Los puntos de intersección son uno de los efectos del vasto campo del poema. Y el encuentro se produce…
Poetas por demás disímiles, han comprendido que la poesía es diálogo. Allí donde Robert Frost escribe: «toda verdad es diálogo», tenemos los versos fundantes de
Hölderlin: «somos una conversación» o, en «VIENTO DEL PUEBLO», la dedicatoria de Miguel Hernández a Vicente Aleixandre: «...cada poeta que muere deja en manos de otro, como una herencia, un instrumento que viene rodando desde la eternidad de la nada a nuestro corazón esparcido. Ante la sombra de dos poetas, nos levantamos otros dos, y ante la nuestra se levantarán otros dos de mañana... » .
Hallamos el mismo concepto en las «CARTAS DEL VIDENTE» de
Arthur Rimbaud: «...!Que el poeta estalle en su salto persiguiendo formas inauditas e innombrables: ya vendrán otros horribles trabajadores ¡Ellos empezarán a partir de los horizontes en los que el otro se haya desplomado!...».
La «intemperie sin fin» enunciada por Juan L. Ortiz, vislumbrada por Hölderlin como «tiempos de indigencia» ante el retiro de los dioses, halla un punto de sutura en las correspondencias: a través del «bosque de símbolos» de Baudelaire, se rebelan tanto la indivisibilidad de lo creado en «desarreglo de los sentidos», como la experiencia de una ajenidad radical donde «Yo es otro».
Entonces, el lenguaje se piensa a sí mismo desde su «no es tiempo aún»…
Palabra. Construcción de una morada.
Si la poesía transcurre en un discurso otro, en un otro pensar, es porque se despliega como continuidad en la trama simbólica.
Ecos del verbo entre la estática.
Las poéticas devienen entonces eslabón, doblez del infinito, palabra plena, herencia de una antorcha...

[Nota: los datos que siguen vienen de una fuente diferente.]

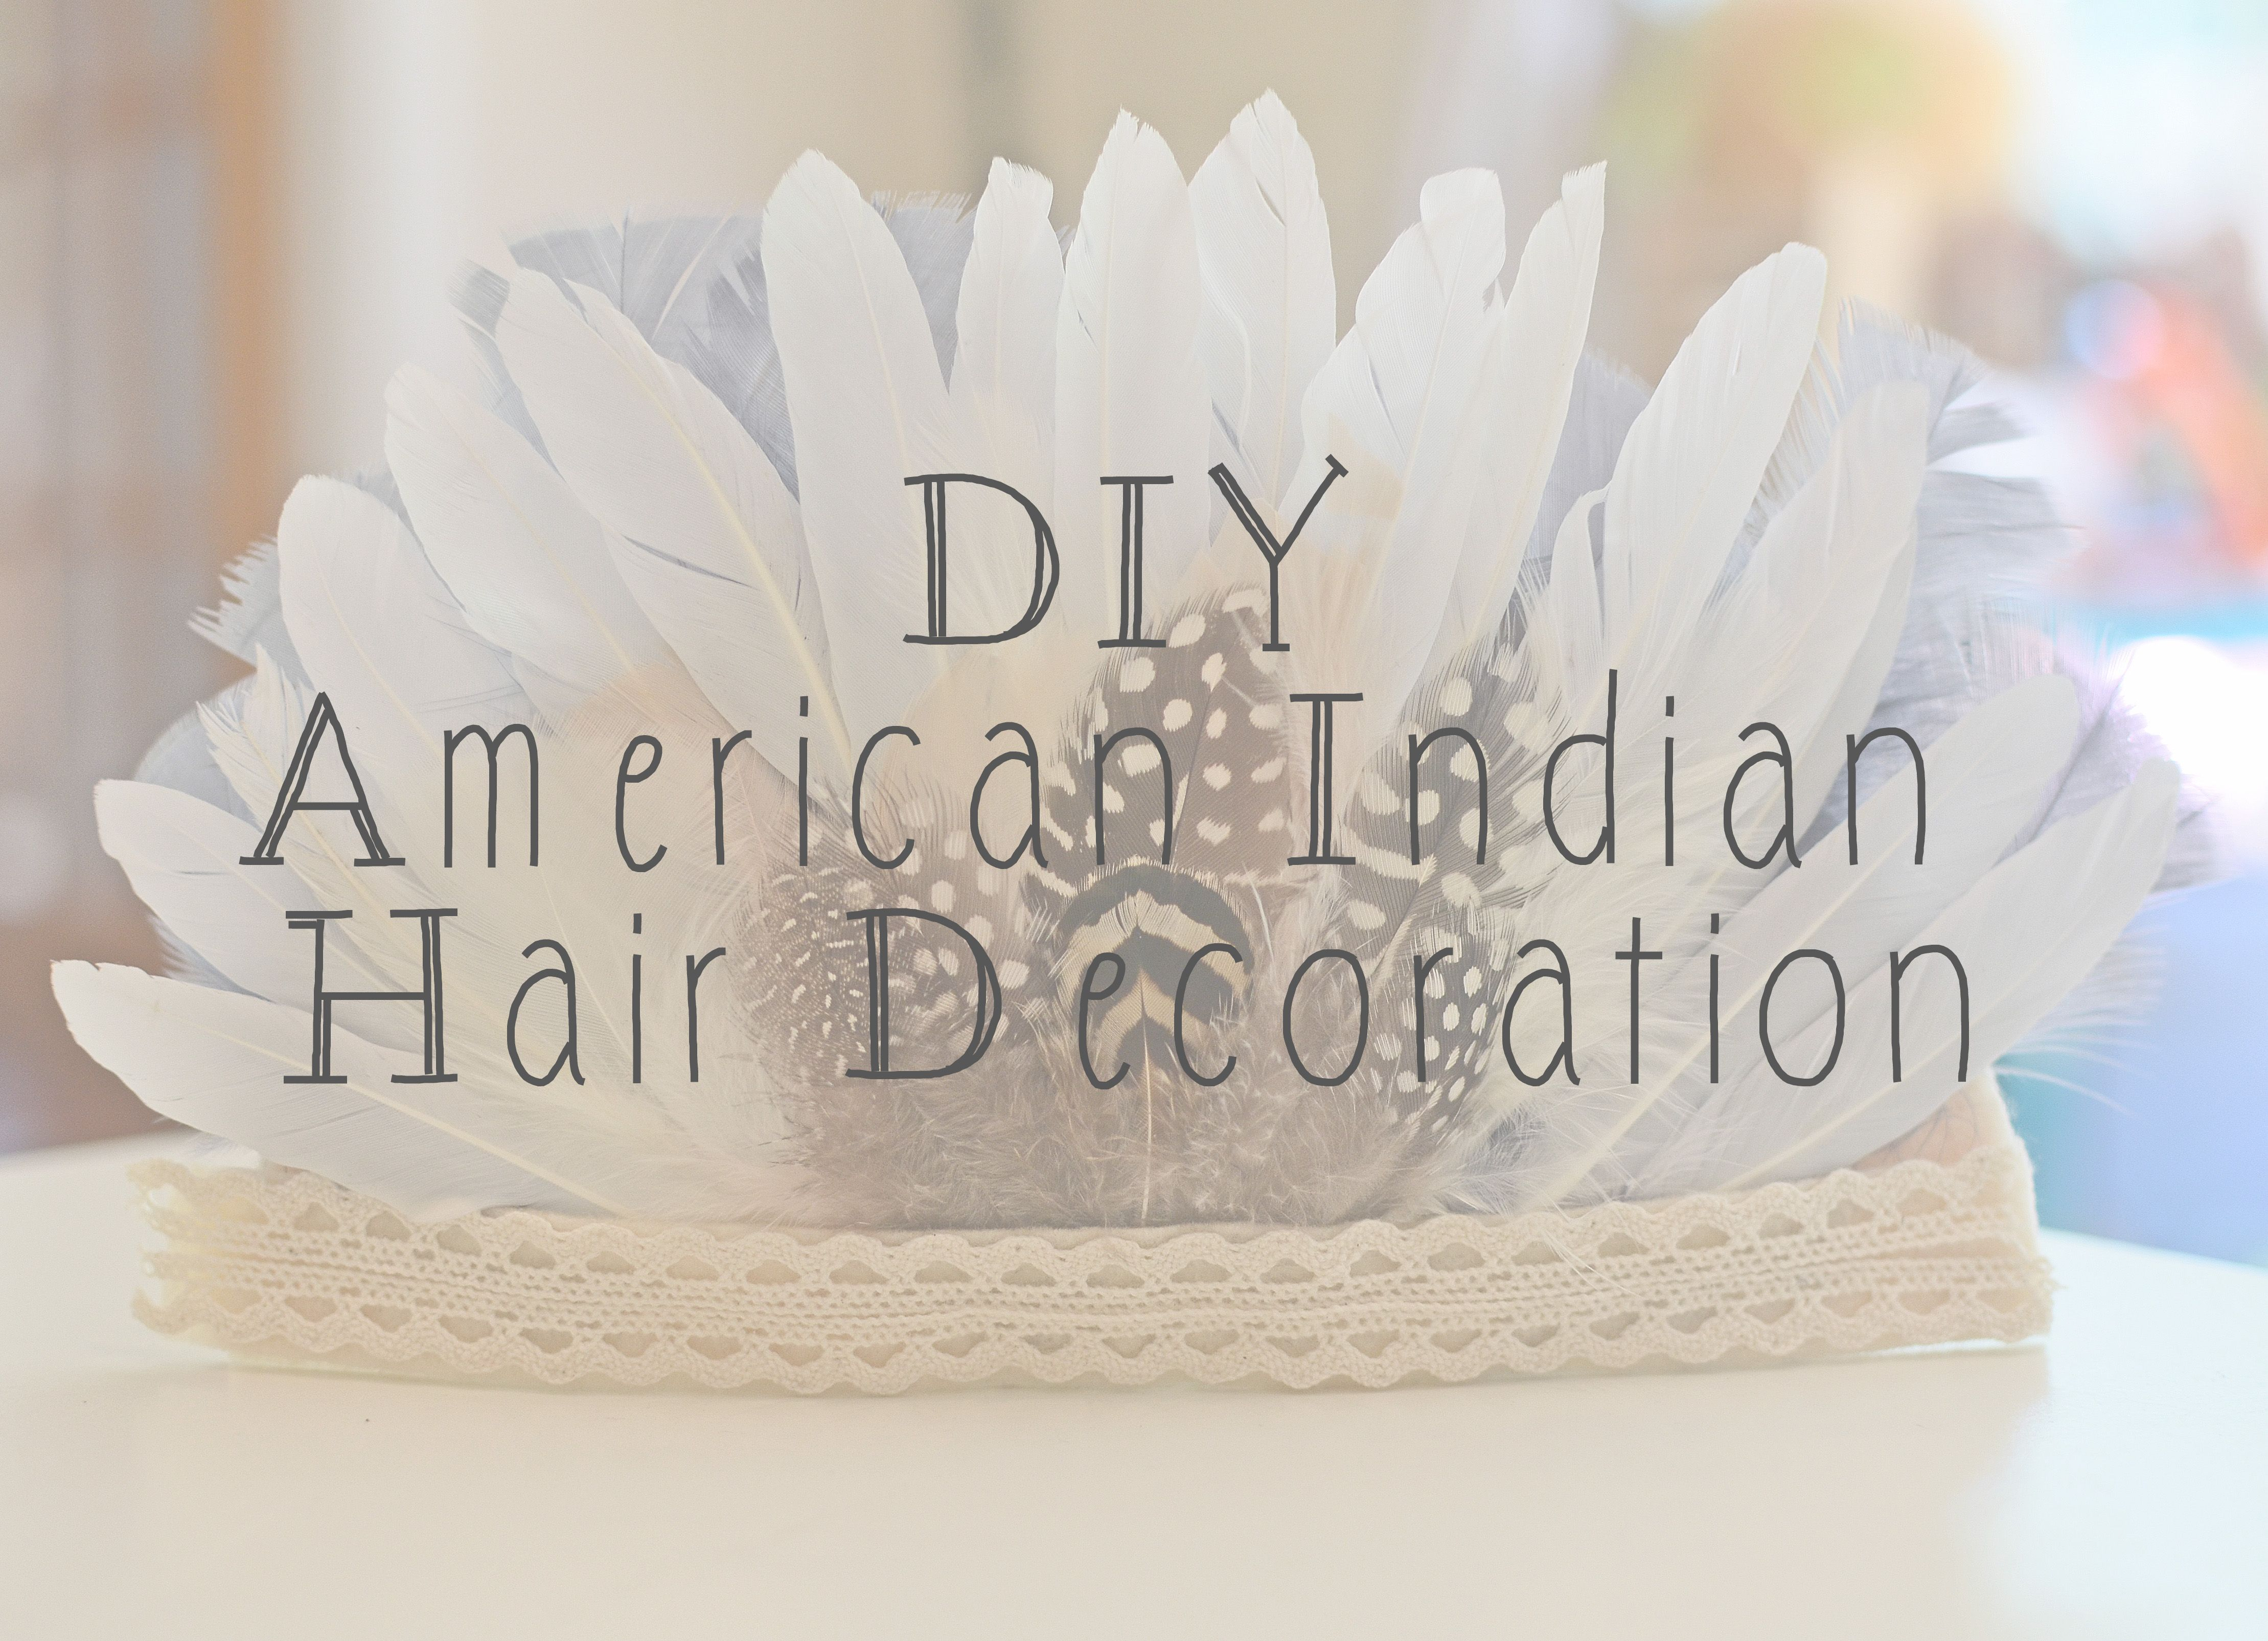 Diy american indian head piece akimonoandaclutchwordpress

LILIANA PIÑEIRO es dueña de una precisión minimal. Puede pasar días hasta hallar una palabra que le huye (a veces esa palabra es apenas una preposición). Su tono tiene algo de danza (Nietzsche y el dios que sepa bailar...) y, eventualmente, humor e ironía. Desde sus poemas en prosa hasta el homenaje a
Rilke,
Hölderlin o
Celan, extiende su decir a variaciones sobre la tragedia griega.

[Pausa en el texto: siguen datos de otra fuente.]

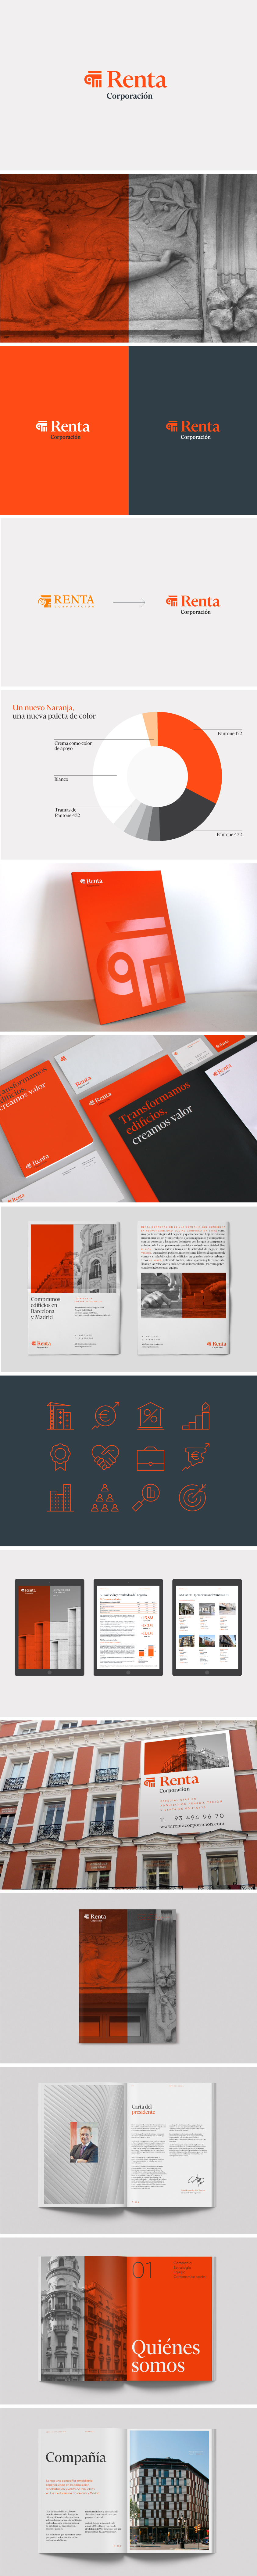 Diseño_CASE_RENTA.jpg

VANESA ALDUNATE es prolífica y despliega más de una voz. Se mueve entre diferentes autores, efectuando movimientos de adherencia. Eso que la lleva a unir su propia lectura de Santa Teresa, con arraigados fantasmas de su historia personal. El
petit mal, electrones, vacío. Sucesión arrolladora de imágenes que golpean por efecto, choque o superposición.
LILIÁN CÁMERA es un caso particular de «generación espontánea». Sus poemas se imponen en un fluido in crescendo. Se nutre tanto de los clásicos como de los escritores de terror. En medio de un intimismo distante o doliente hasta la violencia, practica su juego preferido: la dialéctica de la presa y el cazador.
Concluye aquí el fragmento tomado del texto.